Twenty-two weeks since we’ve heard directly from Norton in The Post

Now wait a minute, you say, in The Post on Nov. 11, in the year 2009, there’s a quote attributed directly to Norton, not to one of her spokespeople or to a news release.  Norton was quoted as saying, “The very heart and soul of who we are as Americans is being eroded. We’re seeing Washington’s giant hand grabbing everything in sight.”

Yes, that’s a Norton quote, but alas the Nov. 11 quote is taken from a speech she gave at a Republican forum. The words went from Norton’s mouth to the ears of a reporter. But this doesn’t count, because it wasn’t a two-way communication, as far as I can tell. The reporter just quoted her speech.

So you have to go all the way back to October 4, 2009, to find a Post article containing words that came directly from Norton’s mouth into a reporter’s ears, in a two-way conversation.

That’s over 22 weeks since Norton has been quoted directly in The Post.  And since she launched her campaign back on Sept. 15, 2009, she’s been quoted in a two-way conversation a grand total of two times.

How many times has her spokespeople been quoted during the 22 weeks? Eleven times in the print edition. (See information on Bennet and Romanoff on a Feb. 24 post on

During Norton’s 22 quoteless weeks, reporters probably had no reason to talk to her directly, you’re probably thinking. Otherwise, why wouldn’t they just pick up the phone and ask for her?

Actually, Post reporters have had a string of excellent reasons to talk directly to Norton. Just today Talking Points Memo published a video in which Norton describes Social Security as Ponzi scheme. I’m sure there’s a few hundred thousand Coloradans curious to hear directly from Norton about what she means.

Post readers would also benefit from hearing from Norton about the gross misrepresentation or outright lie found in one of her first political ads.

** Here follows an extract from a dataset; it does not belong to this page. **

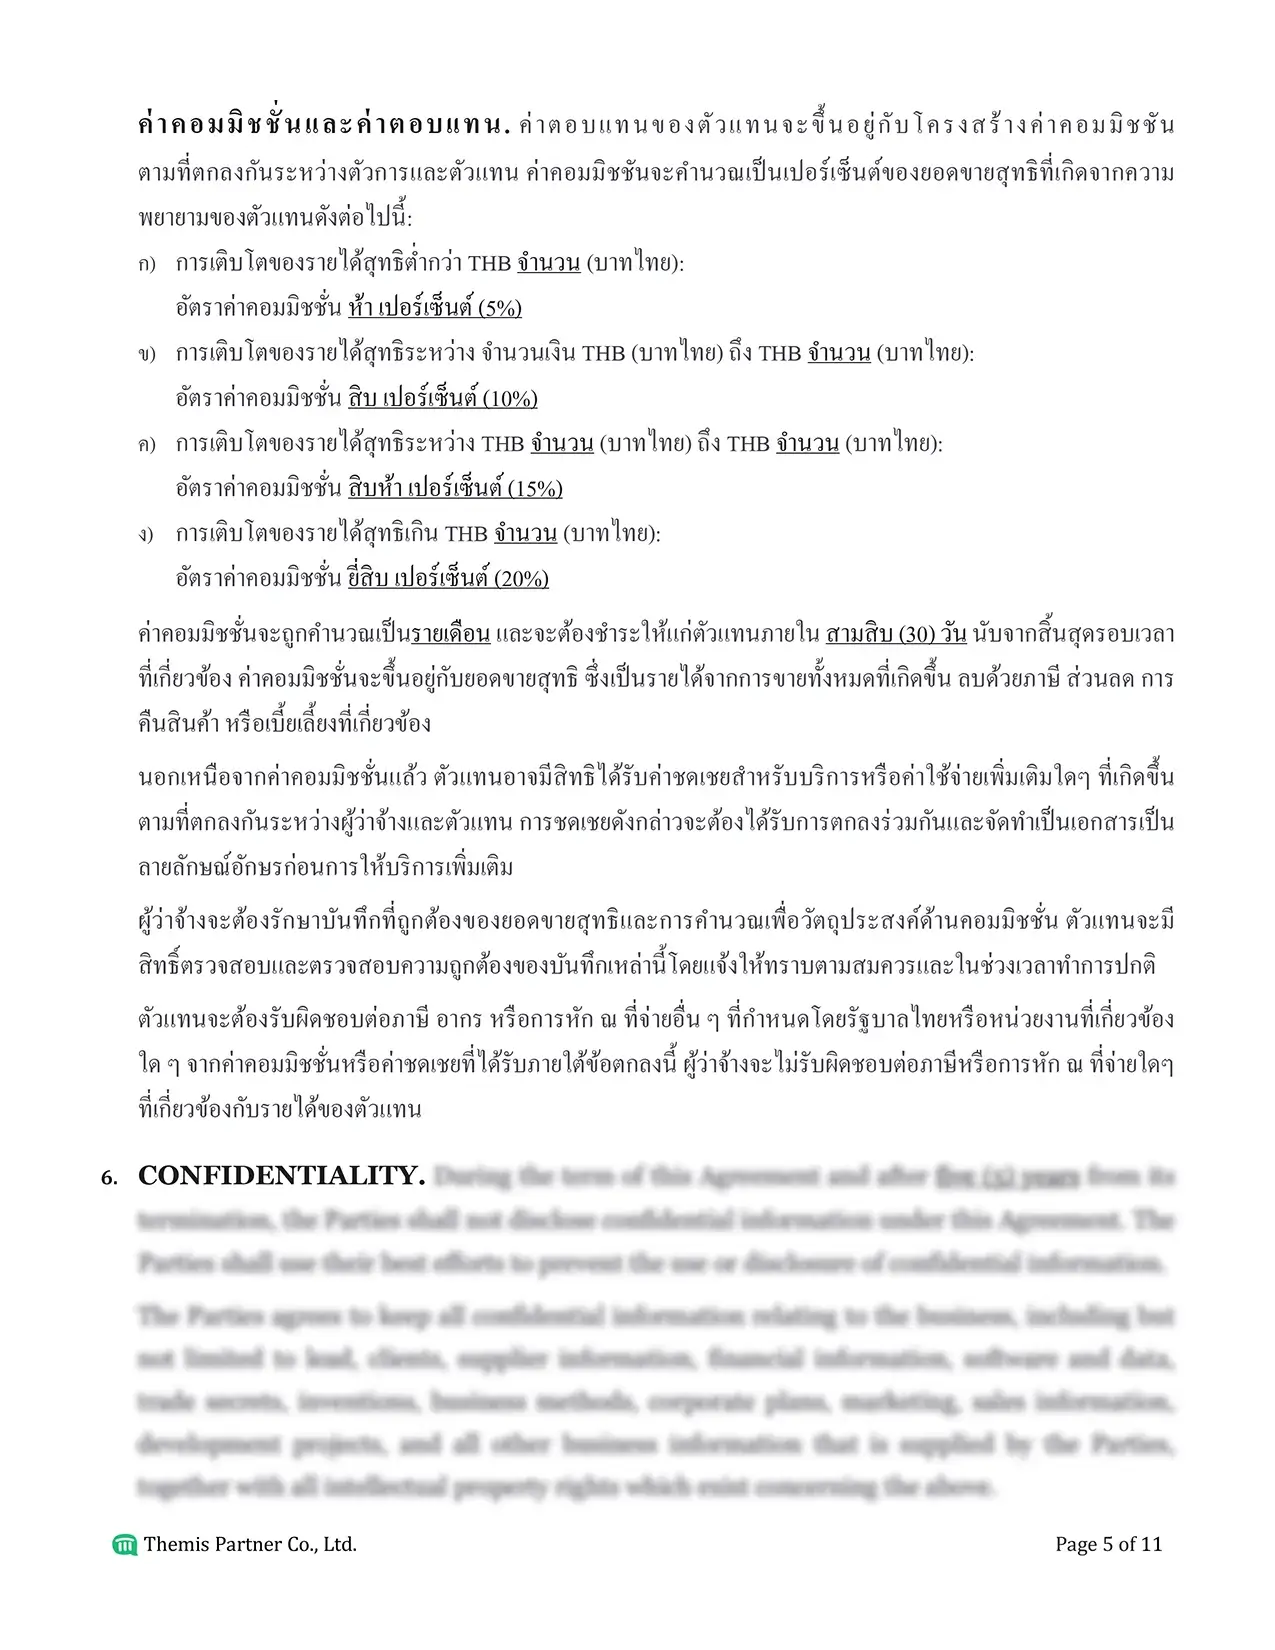 Agency agreement Thailand 5

Denver’s FOX 31 (KDVR) aired an interview with Norton Tuesday, showing that she did not cut the budget of the Colorado Department of Health and Environment, as she claimed in a recent political advertisement.

Post readers also need to hear directly from Norton about these lingering questions:

 ·         Why does she favor the elimination of the Department of education? The Post tried to obtain a comment from Norton’s campaign on this, but was told by a spokesperson, “It’s a holiday. Nobody cares.” The spokesperson told The Post that Norton would address the issue after Jan. 1. That’s two-and-a-half months ago, and it appears The Post hasn’t followed up.
 ·         Why does she support a national sales tax and flat tax, and why does she think a
“simplified flat tax with exemptions for mortgages and charity” would be more viable than a pure flat tax? (The Post published a Norton statement about this on its blog but hasn’t questioned Norton directly.)
 ·         Why does she think health care reform is
unconstitutional? Not addressed in The Post.
 ·         On what basis does Norton think that the
“rights of terrorists are more important in this administration than the lives of American citizens”? This statement was quoted in an opinion column in The Post, but no reporter has asked Norton about it.
 ·         If she’s never been a lobbyist, as she’s claimed, what was she doing from 1994-1999 as head of the lobbying department of Medical Group Management Association (MGMA)?  An MGMA spokesman did
tell the Colorado Independent that Norton headed the organization’s lobbying department. In one instance, on Oct. 25, 2009, in an article about Norton’s ties to high-powered Republicans, like her brother-in-law Charlie Black who advised John McCain, The Post told readers that “Norton, through her spokesman, declined to comment.”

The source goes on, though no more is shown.